While over the last three decades, ASD has been heavily researched [8], the neurobiological underpinnings of are not yet elucidated [9]. The brain’s frontal lobe is implicated in a range of abilities relevant to ASD, including social cognition and executive function [10]. Because behavioural evidence suggests that frontal lobe volume may be atypical in individuals with ASD [11], an examination of aspects of this region may provide some insight into the complexities of ASD. While studies have demonstrated atypical frontal lobe volume in those with ASD relative to neurotypical individuals [12], these findings do not explain the developmental trend of frontal lobe volume in individuals with ASD. Consequently, the status of the frontal lobes in individuals with ASD remains poorly understood. To date, no study has yet analysed frontal lobe data in autistic individuals over the age span. Because the relationship between head circumference and brain volume are dynamic over age within ASD, investigating the frontal lobe in ASD over age would be useful.

While the relationship between frontal lobe volume and autism diagnosis is difficult to discern, should such a relationship exist, it is likely that it is moderated by age [12]. For examples, there is evidence that between two to four years of age, autistic participants, compared to controls, have larger frontal lobe volume [12, 13]. The literature between childhood and young adulthood then tends to conclude that ASD diagnosis does not affect frontal lobe volume [12, 14, 15]. Similarly, during adulthood frontal lobe volume does not differ between ASD and N-ASD groups [16]. The majority of frontal lobe volume studies in the ASD literature include small to moderate samples of autistic participants. Considering the frequent cases of extreme brain volume identified in autistic individuals [17], the findings of studies with small sample sizes may not explain the entire variance of frontal lobe volume among those with ASD.

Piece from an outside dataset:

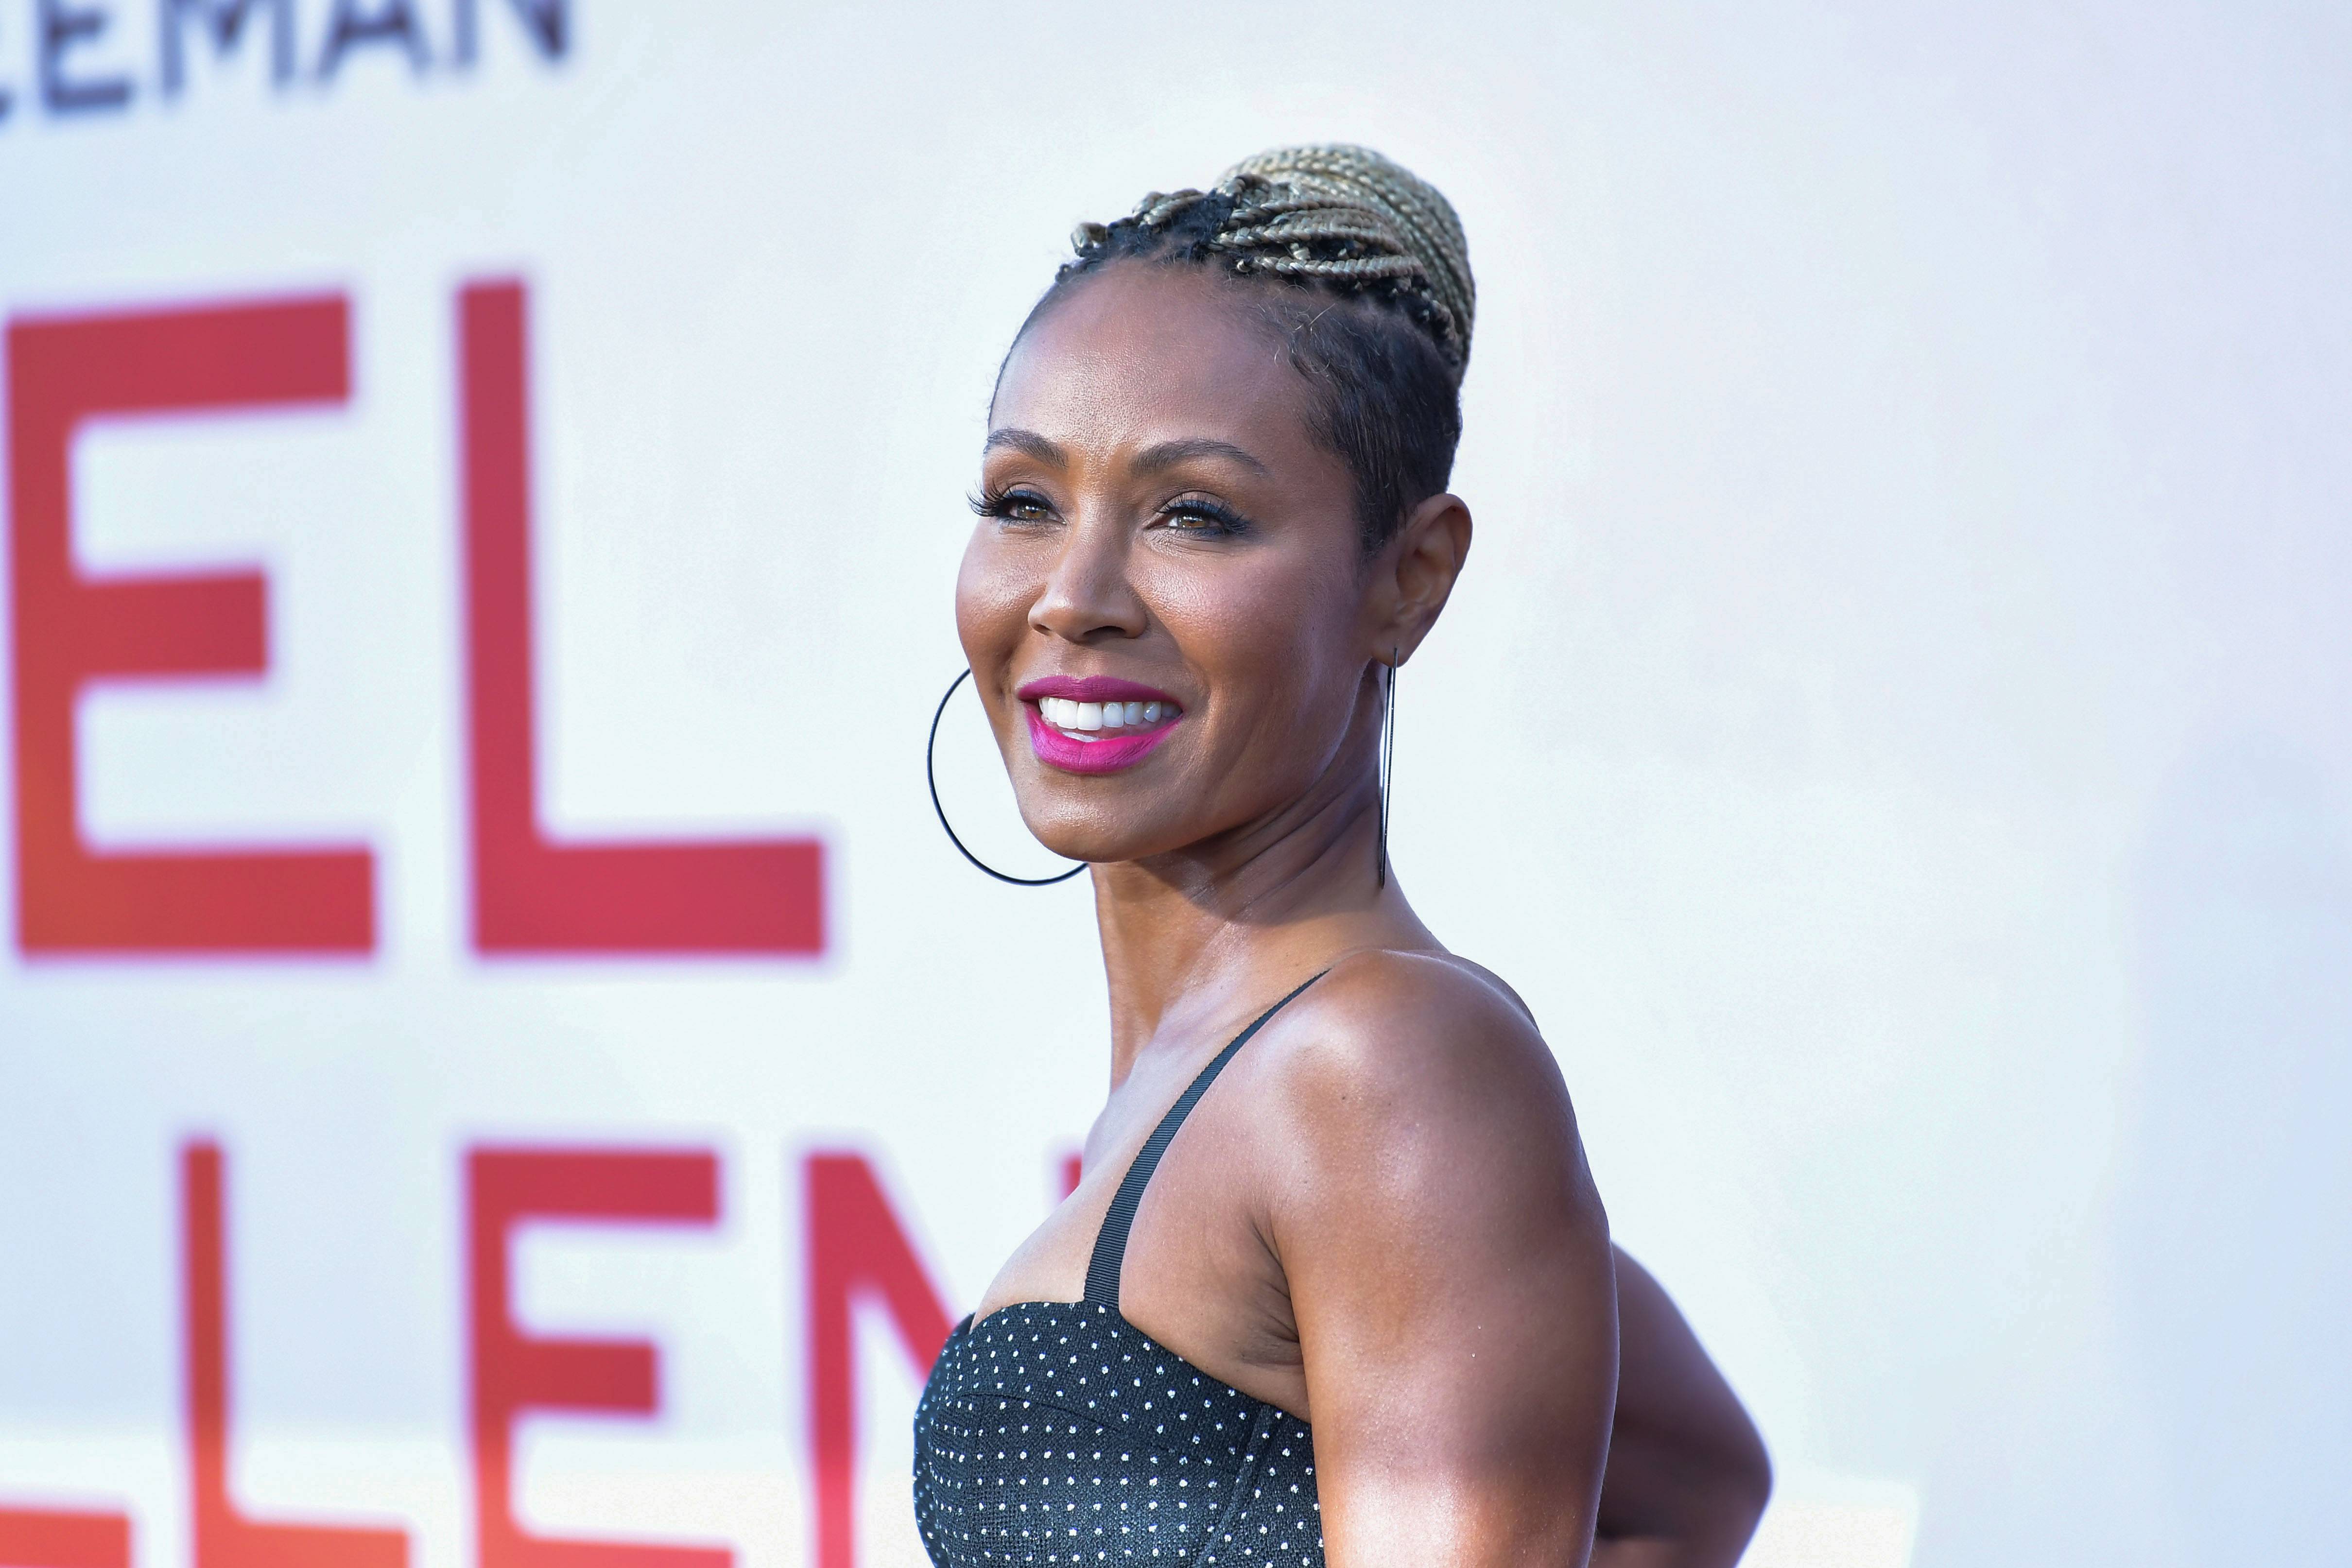 WESTWOOD, CALIFORNIA - AUGUST 20: Jada Pinkett Smith attends the LA Premiere of Lionsgate's "Angel Has Fallen" at Regency Village Theatre on August 20, 2019 in Westwood, California. (Photo by Amy Sussman/Getty Images)

No investigation of the relationship between ASD and frontal lobe volume, can be conducted without considering biological sex. Piven et al. [14] observed smaller frontal lobe volume in autistic females compared to non-autistic (N-ASD) females, but no difference in frontal lobe volume between autistic and N-ASD males. Notably, there was no analysis by age. Hence, separating data on the basis of biological sex when investigating frontal lobe volume in ASD seems warranted.

As previously mentioned, the ASD literature is yet to analyse frontal lobe volume using a large sample. These issues are often resolved via a meta-analytic approach. However, a meta-analysis does not properly account for outliers, which can be simultaneously high and low, counterbalancing each other, and not therefore reflected in the mean [18]. Simple effects of confounding variables also cannot be explored. Collecting and re-analysing data within biological sex and across age is a more effective method of improving understanding rather than summarising effect sizes (i.e., meta-analytic approach). This enables comparisons in frontal lobe volume between autistic and N-ASD participants for males and females separately at varying age groups. Additionally, re-analysis of frontal lobe volume data would allow for control of confounding effects, such as age, rather than simply summarising effect sizes (i.e., meta-analytic approach), Re-analysing data will incorporate the effects of more extreme cases, improving understanding. The present study collected mostly individual data points from all suitable studies of frontal lobe volume in autistic and in neurotypical individuals, and compared these while simultaneously controlling for the effects of age. This allows a comparison of cases to controls, simultaneously accounting for variance due to age. This more clearly facilitates the analysis of neurophysiological parameters, which vary over age, rather than reliance upon small comparisons that were not controlled for age. Hence the aim of the current study is to re-analyse existing data to establish the trend in frontal lobe volume among data from ASD participants.

Given the inconclusive findings outlined above, we deemed it necessary to more fully investigate comparisons in frontal lobe volume between ASD and N-ASD groups across age and sex. It was hypothesised that frontal lobe volume would be greater in autistic than N-ASD participants between ages two to four years, and not different between ASD and N-ASD groups above four years of age. Additionally, due to the dearth of literature concerning the role of biological sex on frontal volume in autism, we form no hypothesis concerning this. We will explore the effect of biological sex on frontal lobe volume in ASD.

2. Method

A systematic search of the literature was undertaken for studies measuring frontal lobe volume in ASD. Relevant data for N-ASD participants in these studies were also harvested. Inclusion criteria of the present study were that the authors provided raw or mean frontal lobe and age data. Authors were contacted directly to obtain data. However, raw data were not obtained via this method as no author responded to our requests for data necessitating estimation or data capture techniques be used (see [19]). In short, raw data were obtained via data capture techniques [20] from published reports, and from published data sets [12, 21]. The data capture approach involved transferring figures from publications to be viewed via DataThief vIIITM. We used the figure axes as published and then recorded the coordinates of each data point in the figure. We were able to replicate the original results in all instances. In cases where raw data could not be obtained, we statistically modelled these data as the reported mean weighted by the number of cases. Further details of the analysis are published elsewhere [19].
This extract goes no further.